1112-les-francais-vont-etre-devastes-par-coca-cola

Les partenaires de Coca-social Cola ont appelé à un débrayage dans plusieurs usines pendant que les discussions se poursuivent. Ce qui se passe ici me rappelle les discussions qui ont finalement conduit à la crise du gaz dans le pays, et pour une raison quelconque, cela me semble très familier.

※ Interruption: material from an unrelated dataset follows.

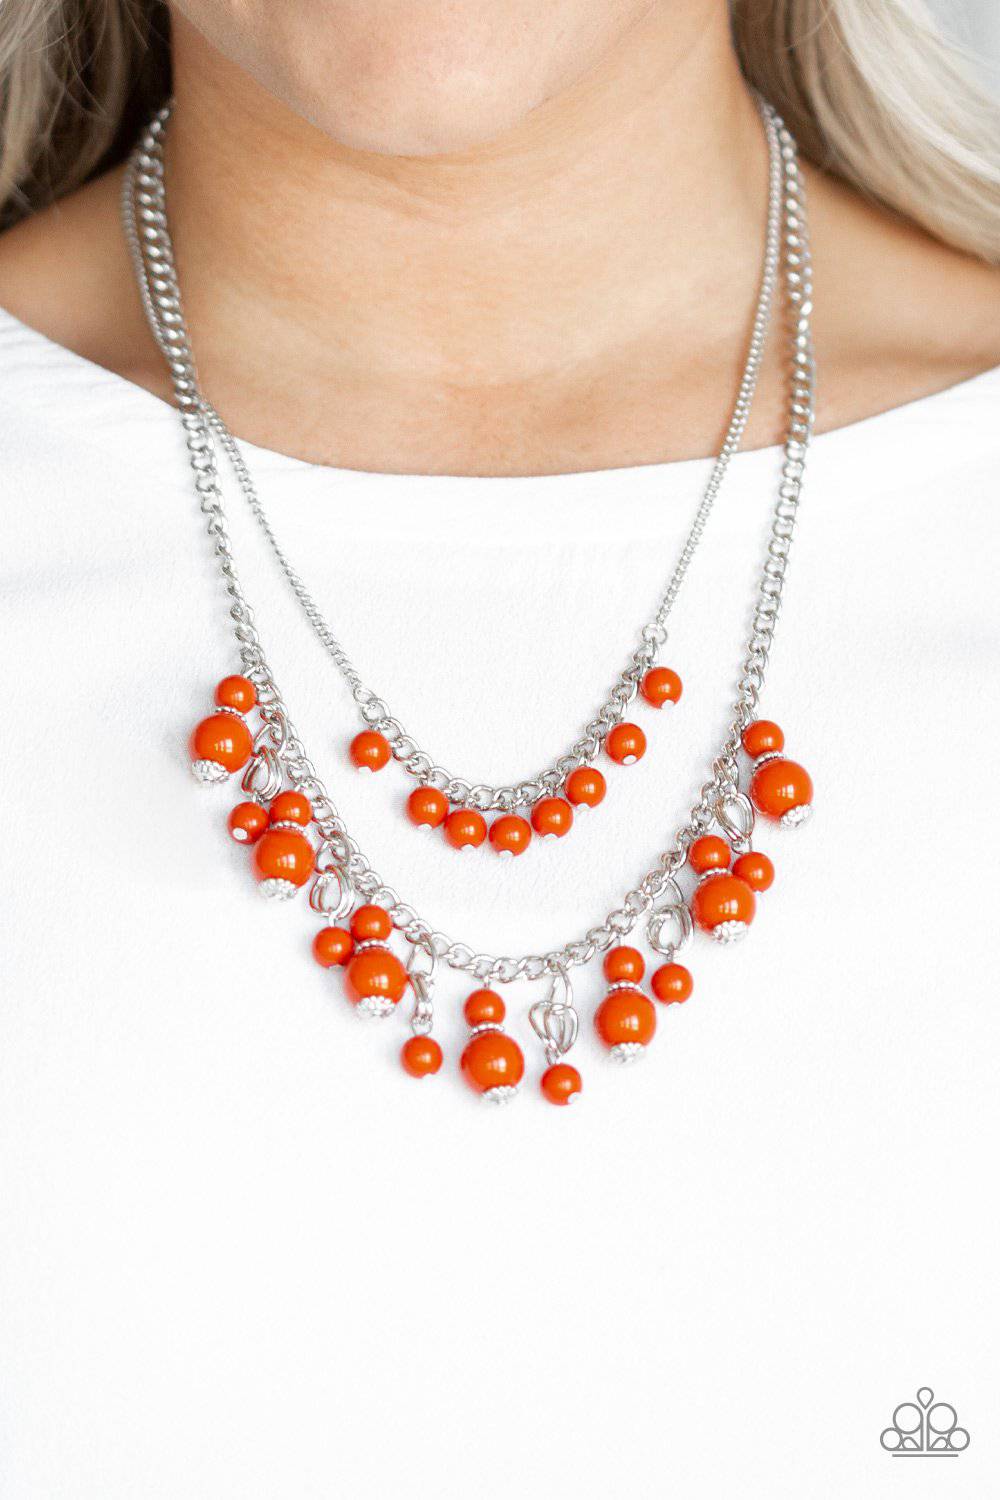 Beautifully Beaded - Orange Bead Necklace - Paparazzi Accessories - GlaMarous Titi Jewels
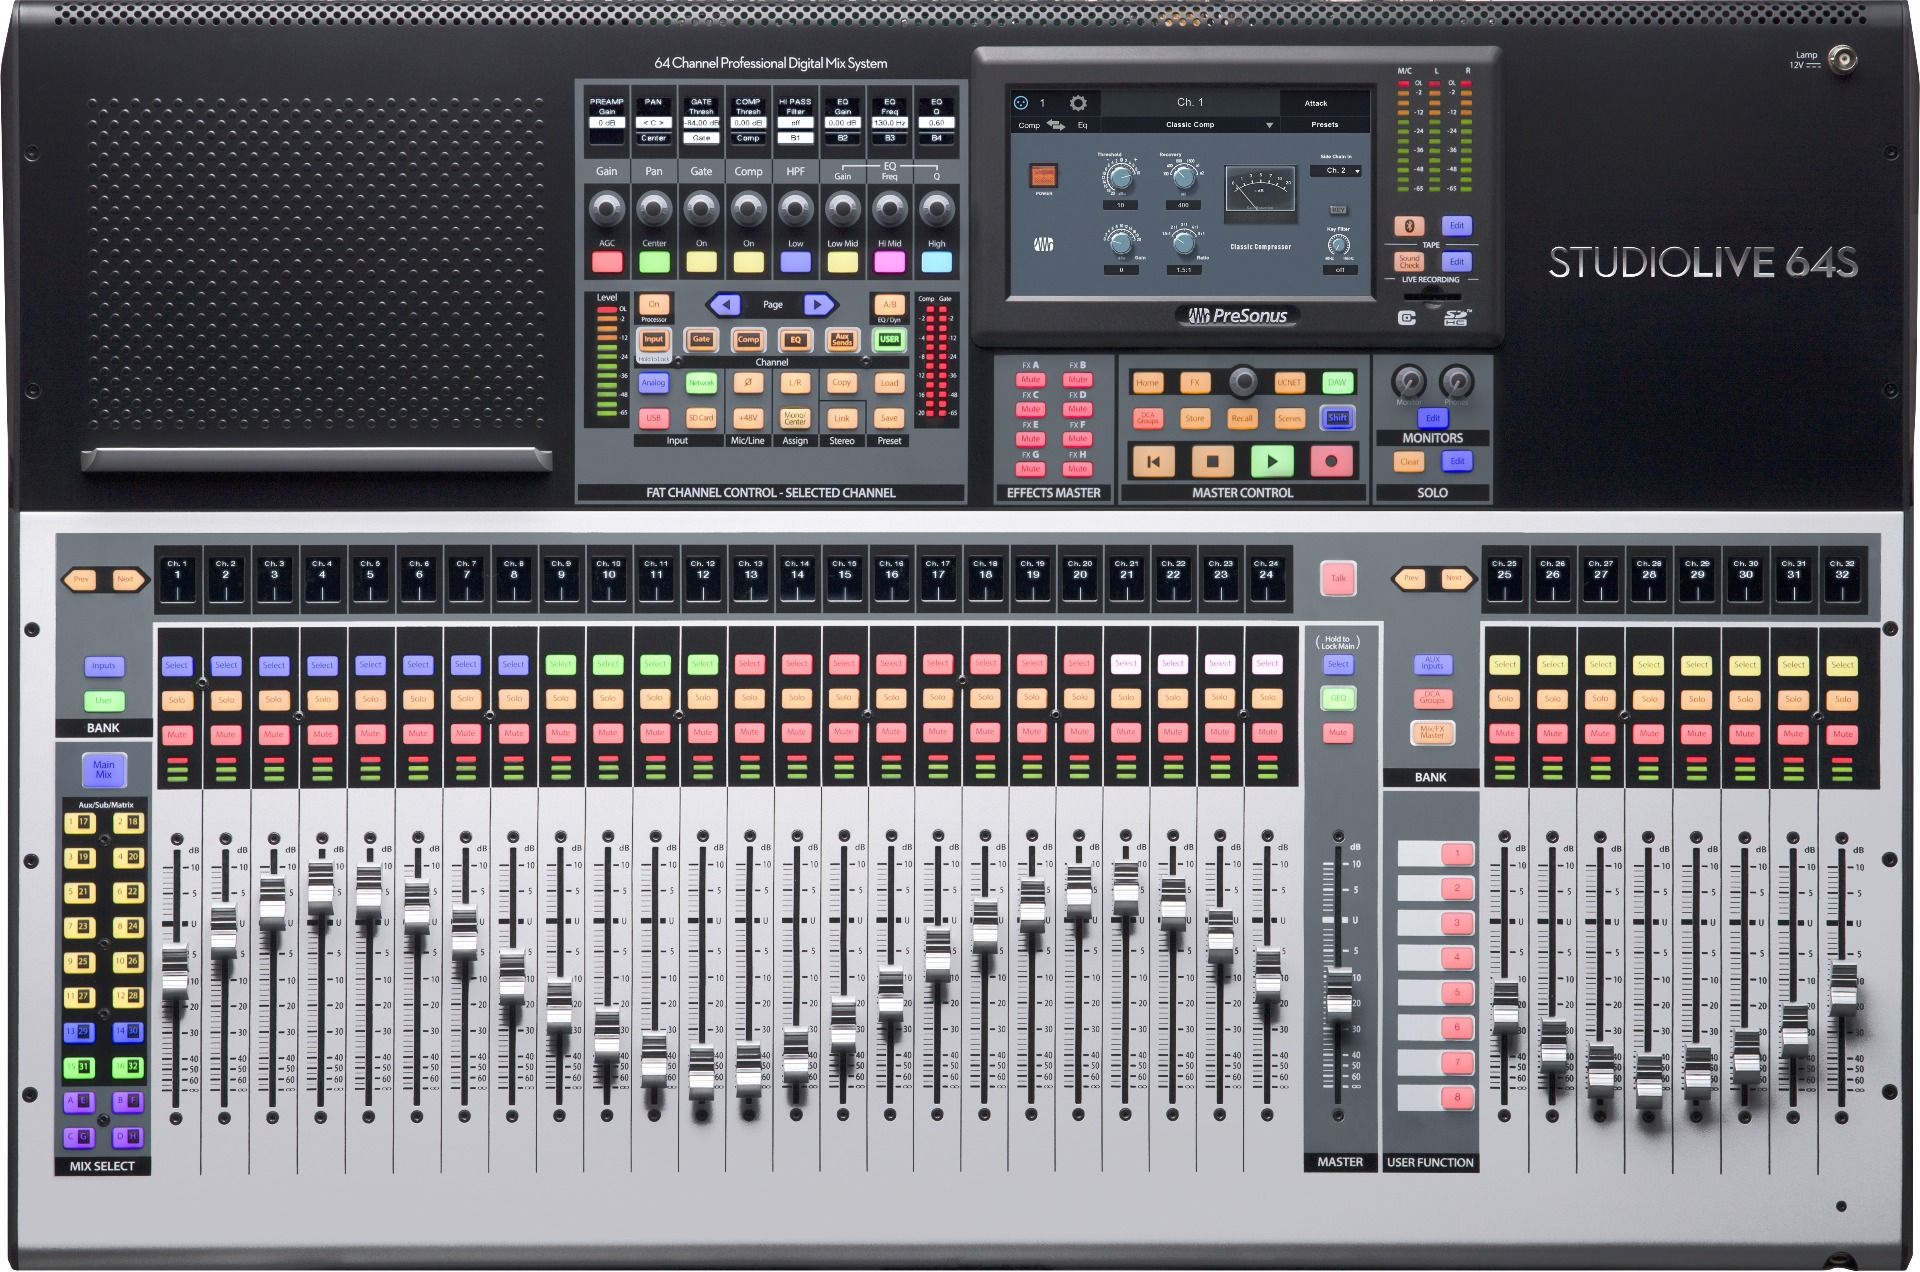 PreSonus StudioLive 64S 64-Channel Digital Mixer

Discussions conflictuelles chez Coca-Cola

Ayant déjà connu une crise de l’essence, les Français pourraient bientôt se retrouver sans suffisamment de Coca-Cola. Un problème moins grave mais néanmoins gênant pour les clients les plus fidèles de Coca-Cola. Quelle en est la cause exacte ? Un rebondissement inattendu s’est produit lors des entretiens annuels des travailleurs sociaux avec l’entreprise. En effet, l’augmentation de salaire s’est avérée être une question litigieuse, rendant difficile l’avancement de ces discussions. En conséquence, des demandes de grève ont été formulées dans un certain nombre de filiales de la multinationale.
Ces discussions sont les mêmes que celles qui ont déclenché un important débrayage des travailleurs du groupe Total il y a quelques semaines. A cause de cela, pendant quelques jours, les Français n’ont pas pu s’approvisionner en essence comme d’habitude. Les boissons Coca-Cola peuvent potentiellement être affectées par cette pénurie puisque les entreprises françaises créent 90% des bouteilles utilisées dans le monde.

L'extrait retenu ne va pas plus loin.